Estas tierras no comenzarían a poblarse de verdad hasta dos siglos más tarde. En 1889, mientras al otro lado del charco Jack el Destripador asesinaba a las prostitutas de Whitechapel, se terminaba de erigir la Torre Eiffel y Alemania coronaba a su último emperador, aquí el señor John Foreman ordenó construir una central hidráulica cerca del cantón de Shawinigan para abastecer de electricidad su fábrica de pasta de papel. Falto de capital, tuvo que asociarse con tres señores de Boston, John Edward Aldred, John Joyce y H. H. Melville (el mismo de la isla Melville, ¡sí!), quienes fundarían en 1897 la Shawinigan Water & Power Company.

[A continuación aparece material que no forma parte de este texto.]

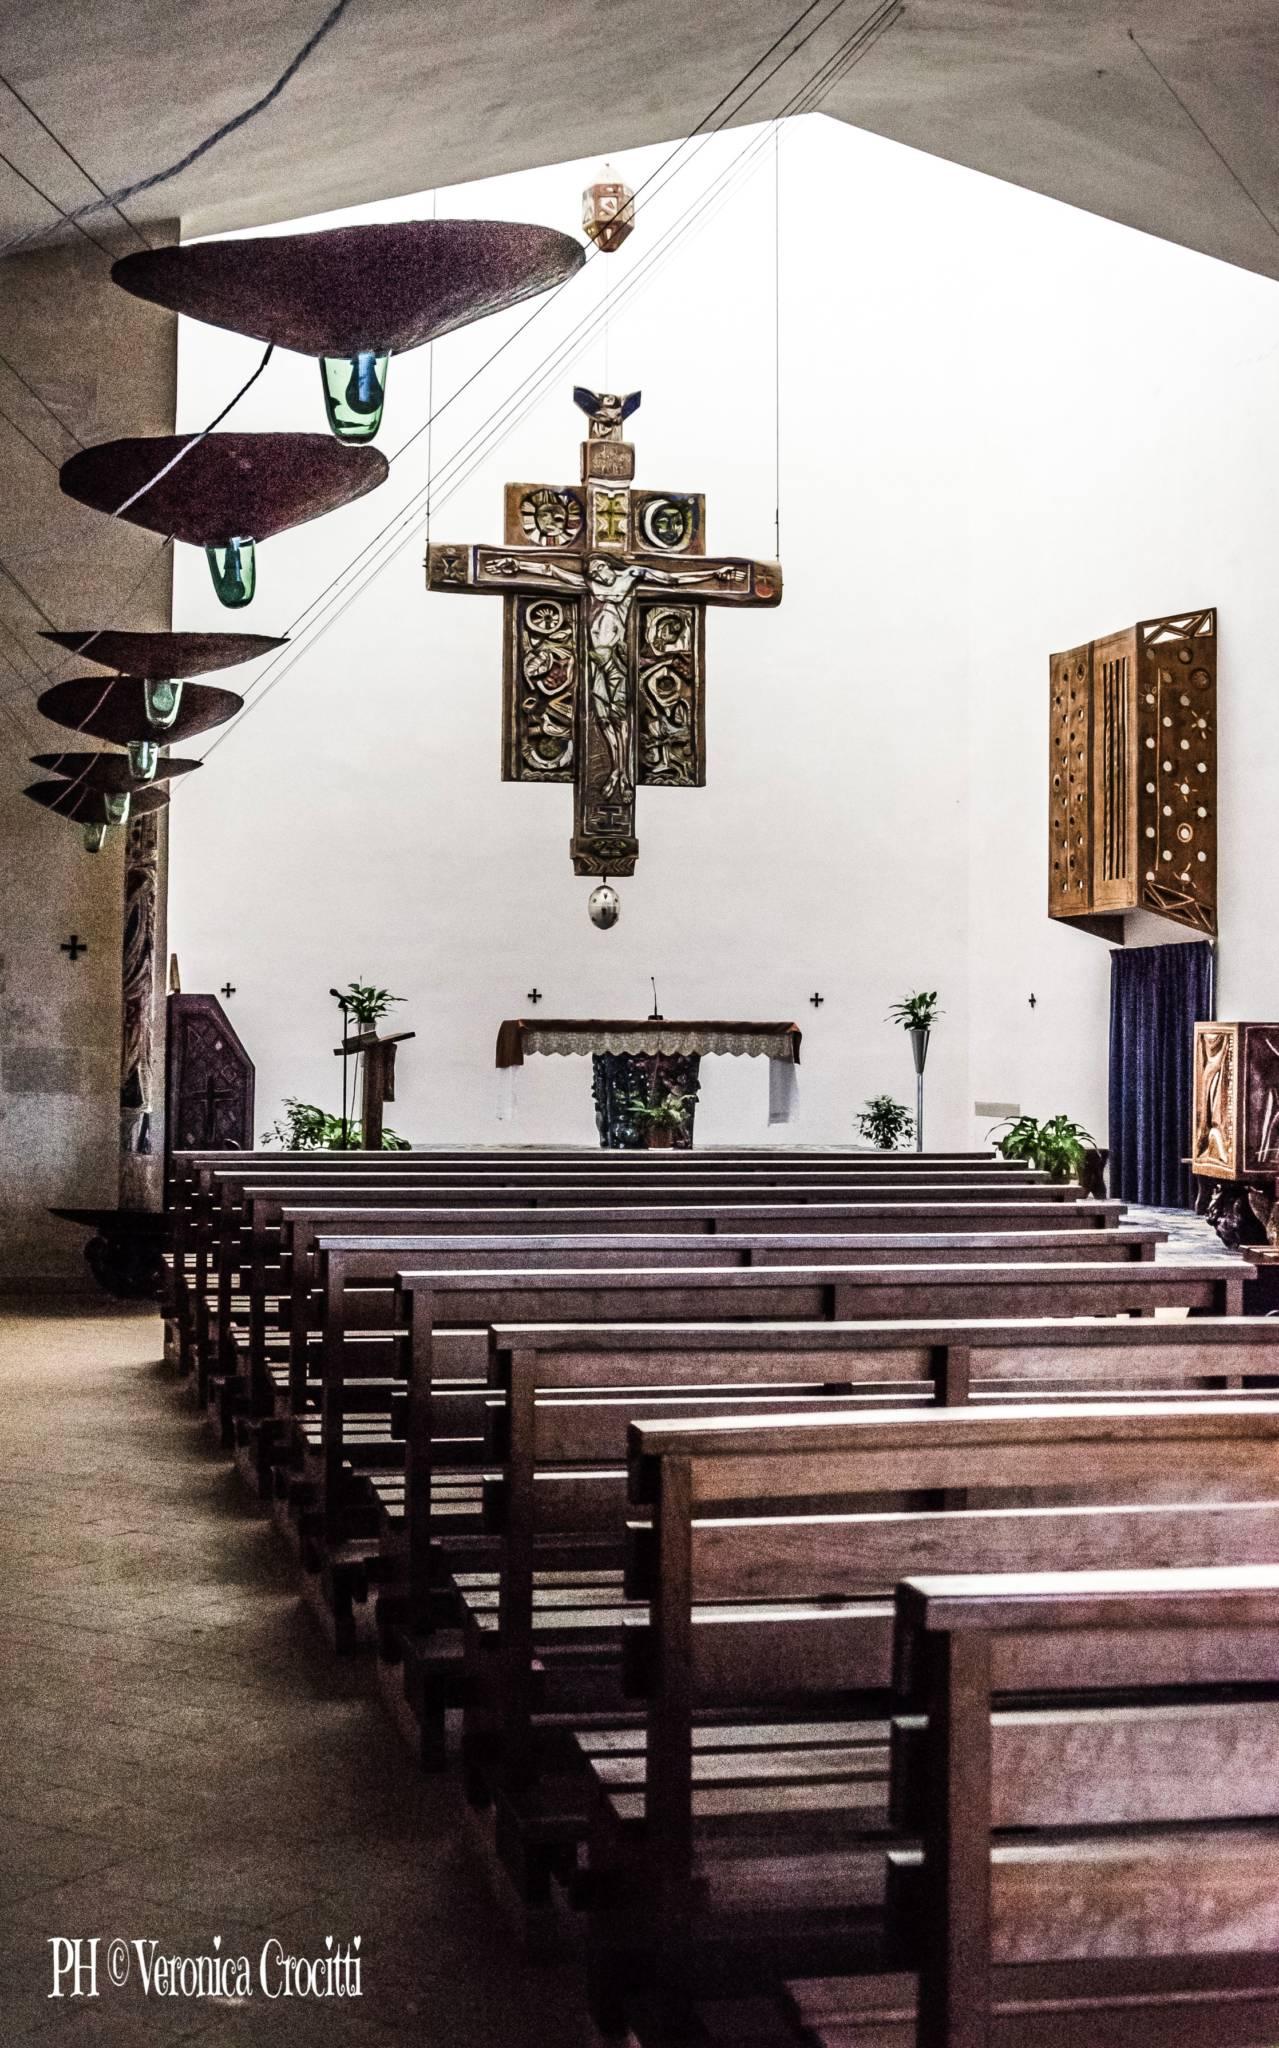 Parrocchia San Vincenzo De Paoli, La Martella. Matera, Città dei Sassi (Basilicata - Italia)

No se sabe exactamente cuál de los tres tuvo la idea de bautizar como Grand-Mère[2] a nuestro pueblo, inspirándose en los contornos de la roca que forma un islote en medio del río, pero lo cierto es que, por culpa de un americano, hoy tenemos el segundo topónimo más ridículo de Quebec (mis saludos a la gente de Saint-Louis-du-Ha! Ha![3]). ¡De verdad que estos señores de Estados Unidos tienen un don poniendo nombres para mear y no echar gota! Esa es una de las cosas que hemos aprendido con nuestros viajes a través de América.


[1] En francés: C’est mort ici!, que fonéticamente sonaría como Saint-Maurice.

(Todas las notas al pie son de la traductora)

[2] «Abuela», en francés.

[3] En español sería «San Luis del ¡ja, ja!».